Clinical Pearls and Pitfalls
The management of severe bicondylar tibial plateau fractures is fraught with potential complications. Adherence to established biomechanical principles and respect for the soft tissue envelope are critical for optimizing patient outcomes.
- Pitfall: Failure to Recognize the Posteromedial Fragment. The posteromedial shear fragment is a common component of high-energy tibial plateau fractures. Relying solely on an anterolateral locked plate to secure this fragment is a biomechanical error. The fragment will typically displace distally and posteriorly under axial load, leading to catastrophic varus collapse.

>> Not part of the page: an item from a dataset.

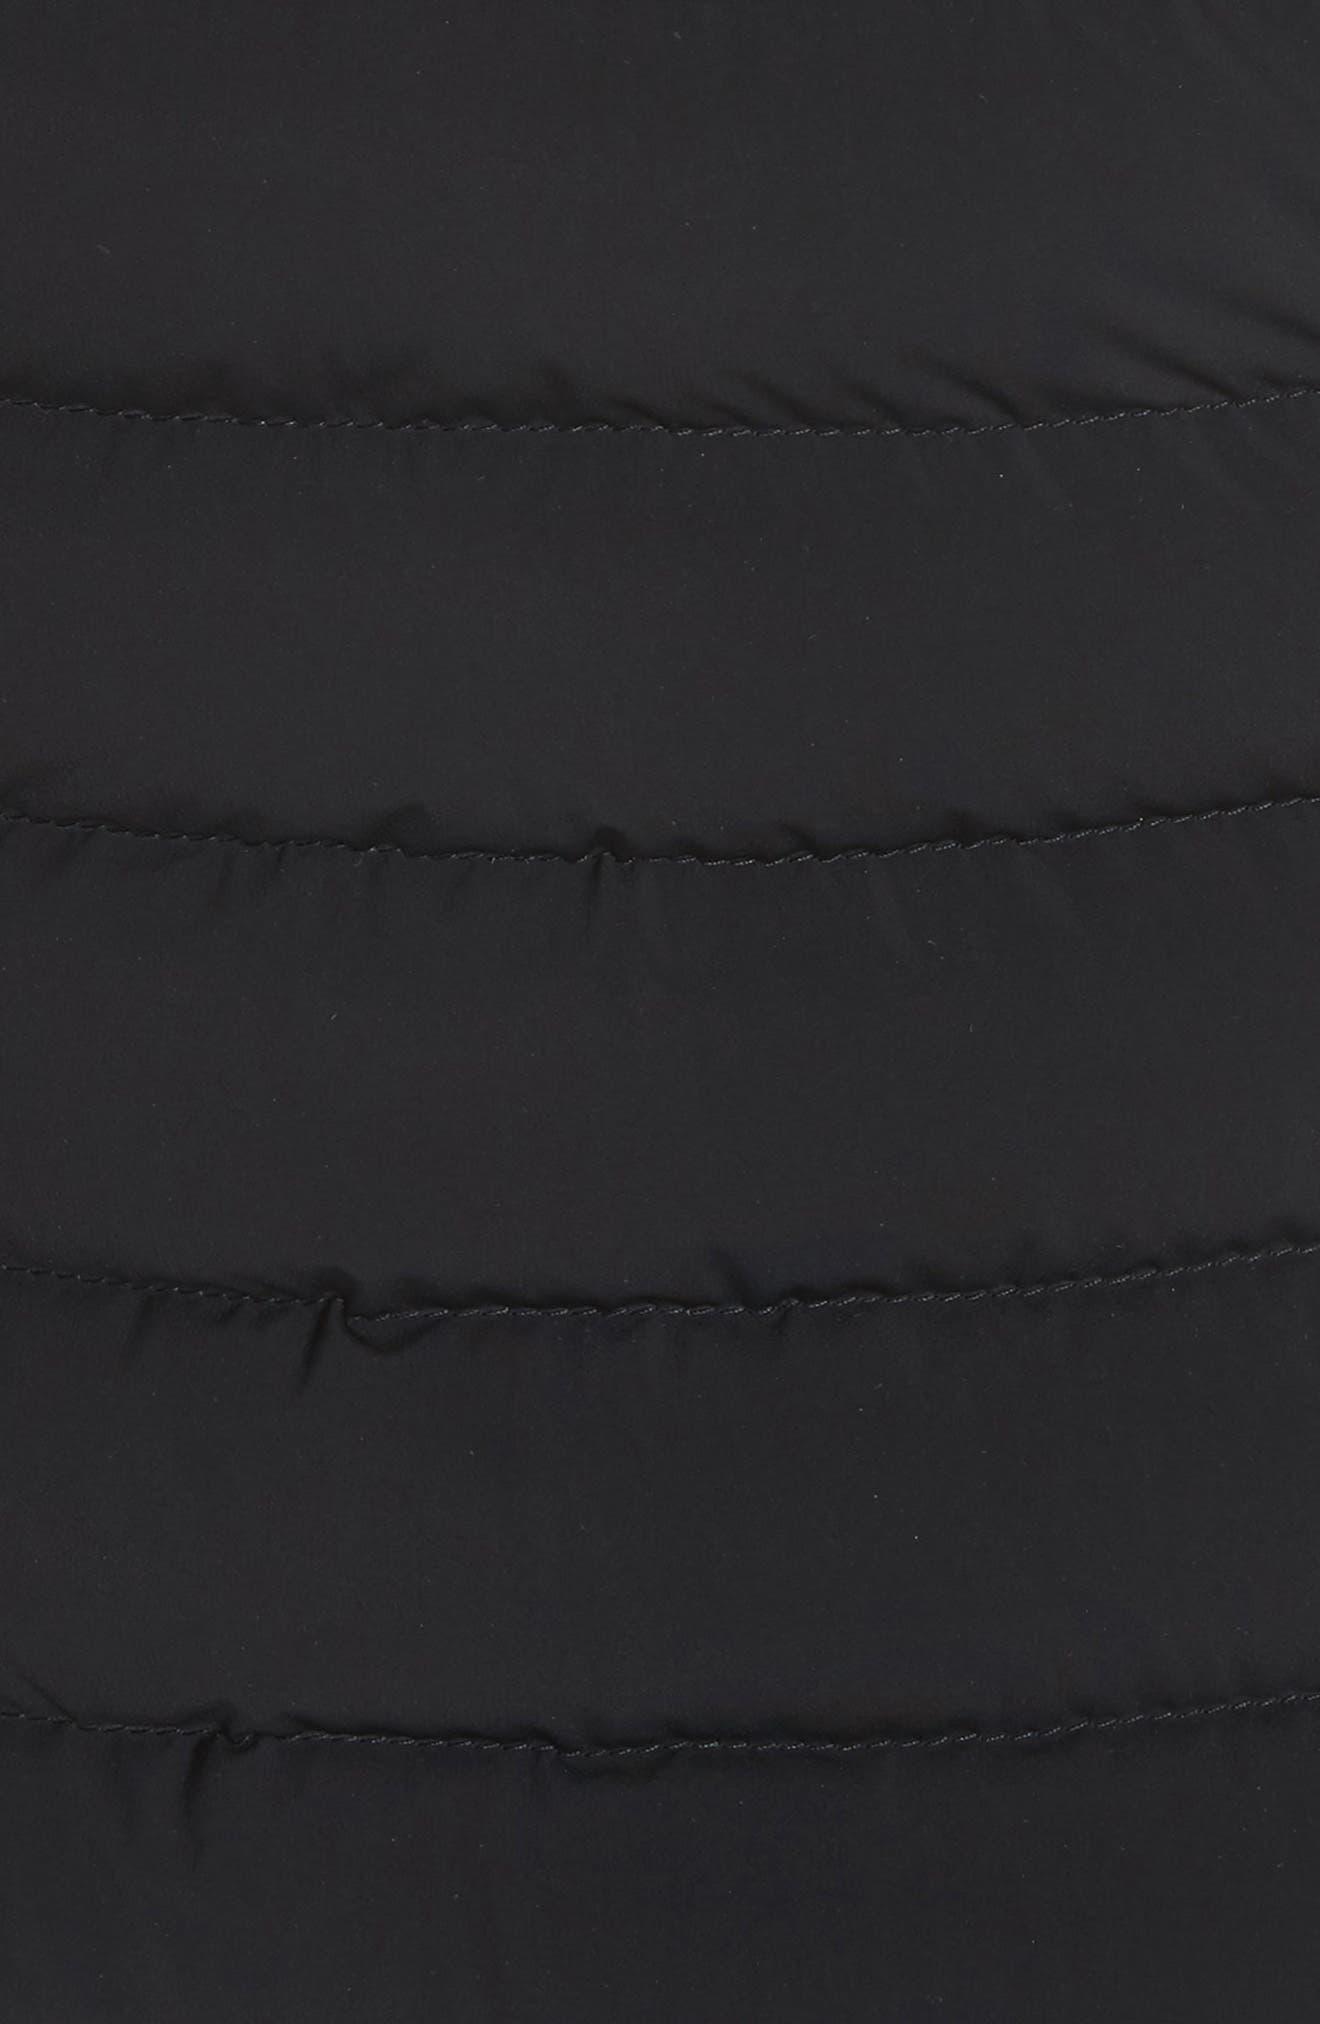 MONCLER, Guillemot Quilted Down Jacket, Alternate thumbnail 6, color, BLACK

- Pearl: Independent Posteromedial Buttress Plating. The posteromedial fragment must be directly visualized, anatomically reduced, and supported with an independent, pre-contoured buttress plate applied in an anti-glide fashion to neutralize vertical shear forces.
- Pitfall: Premature Definitive Fixation. Operating through a compromised soft tissue envelope in the presence of fracture blisters, massive edema, or acute compartment syndrome dramatically increases the risk of wound dehiscence and deep surgical site infection.

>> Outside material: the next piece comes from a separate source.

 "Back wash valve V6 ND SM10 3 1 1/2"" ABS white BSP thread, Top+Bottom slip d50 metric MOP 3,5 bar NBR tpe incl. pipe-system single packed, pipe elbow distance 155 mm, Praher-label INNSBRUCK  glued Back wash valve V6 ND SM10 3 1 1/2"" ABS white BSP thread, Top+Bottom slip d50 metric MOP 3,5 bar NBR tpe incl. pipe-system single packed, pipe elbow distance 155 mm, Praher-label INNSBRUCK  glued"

- Pearl: Strict Adherence to Damage Control Orthopedics. Utilize a spanning external fixator to restore length and alignment while allowing the soft tissue to declare itself. Delay definitive internal fixation until the "wrinkle sign" is present, typically 10 to 21 days post-injury.
- Pitfall: Inadequate Articular Elevation. Failure to completely elevate the depressed articular segments leads to joint incongruity, altered contact mechanics, and accelerated post-traumatic osteoarthritis.
- Pearl: Submeniscal Arthrotomy and Structural Grafting. Perform a meticulous submeniscal arthrotomy to directly visualize the articular surface during reduction. Utilize bone tamps to elevate the fragments and strictly fill the resulting metaphyseal void with structural allograft, autograft, or calcium phosphate cement to prevent secondary subsidence.
- Pitfall: Overlooking Vascular Injury. High-energy proximal tibia fractures, particularly those with significant displacement or associated knee dislocation mechanisms, carry a high risk of popliteal artery injury.
- Pearl: Low Threshold for Advanced Imaging. Any asymmetry in distal pulses, delayed capillary refill, or high-energy mechanism should prompt immediate calculation of the Ankle-Brachial Index and early utilization of CT angiography. Time to revascularization is the single most critical determinant of limb salvage.